Experts have slammed the so-called investors who cannot be restrained from purchasing shares of companies with weak fundamentals at abnormal prices following artificial demand created by the manipulators.
Their criticism came after repeated purchase of shares of companies having weak fundamentals at high prices. The prices also do not match the companies' dividend payouts, they said.
A number of companies with small capital observed abnormal price hikes in first 13 trading days of September last. These companies are still continuing rally amid regulatory measures.
During this period, the share prices rose up to 128 per cent although the companies informed the Dhaka Stock Exchange (DSE) that there was no undisclosed price sensitive information behind the unusual price hike.
"Nobody should have any sympathy for the investors. They still purchase shares of weak fundamentals at abnormal prices again and again even after manipulation," said Yawer Sayeed, managing director of the AIMS of Bangladesh.
He said the Bangladesh Securities and Exchange Commission's rules and regulatory measures are not enough for the investors who jump into the fire.
"The manipulators always come out of the market leaving their followers at bay. It's not new. So-called general investors ignored the manipulators several times and eventually they blamed the regulator," Mr. Sayeed said.
The companies whose prices rose abnormally recently include, among others, JMI Syringes and Medical Devices, CVO Petrochemical Refinery, Al-Haj Textiles, Kohinoor Chemicals, Modern Dyeing, Monno Jute Staffler, Rahim Textile, Desh Garments, Libra Infusions, Savar Refractories, Jute Spinners, Rangpur Foundry, Legacy Footwear, Anwar Galvanizing and Rahima Food.
Former chairman of the BSEC AB Mirza Azizul Islam said the regulator should take measures if the price of a company having weak fundamentals increases by 10 per cent.

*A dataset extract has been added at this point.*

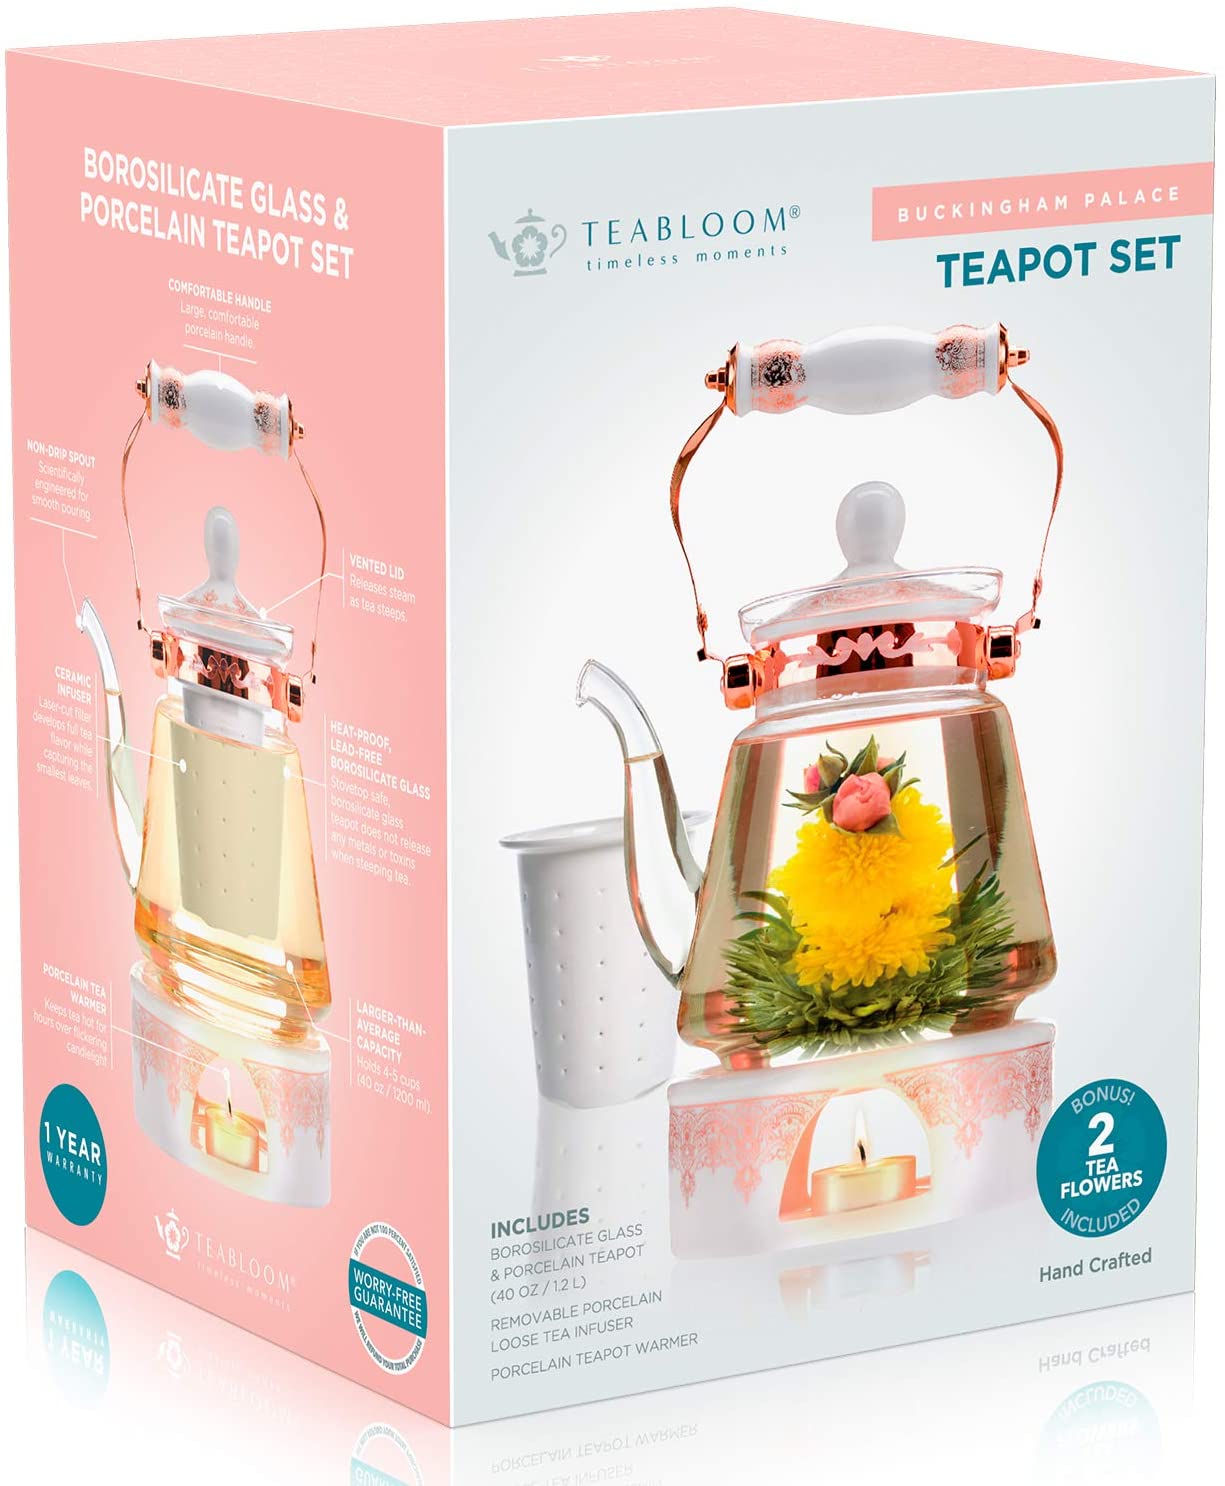 Teabloom Buckingham Palace Teapot & Flowering Tea Gift Set (6 Pieces) - Stovetop Safe Glass Teapot (40 OZ / 1.2 L / 4-5 CUPS), Porcelain Lid, Tea Warmer... - image 5 of 6

"It was not right for the securities regulator to allow the abnormal hike in prices of these companies' shares," Mr. Islam said.
He said after having been cheated by the manipulators, these so-called investors eventually plead for help from the government.
"Investors should not purchase shares following the market's movement. They should invest considering the companies' fundamentals," Mr Islam added.
The BSEC, however, Thursday asked the DSE to submit an inquiry report on the unusual price hike of shares of the companies having small capital.
The BSEC also mentioned the names of such companies.
The companies are: Legacy Footwear, Desh Garments, BD Auto Car, Rahima Food, Information Services, Moono Staffler, Modern Dyeing, Anwar Galvanising, JMI Syringes and Medical Devices, Hakkani Pulp, Intech Online and Alhaj Textile.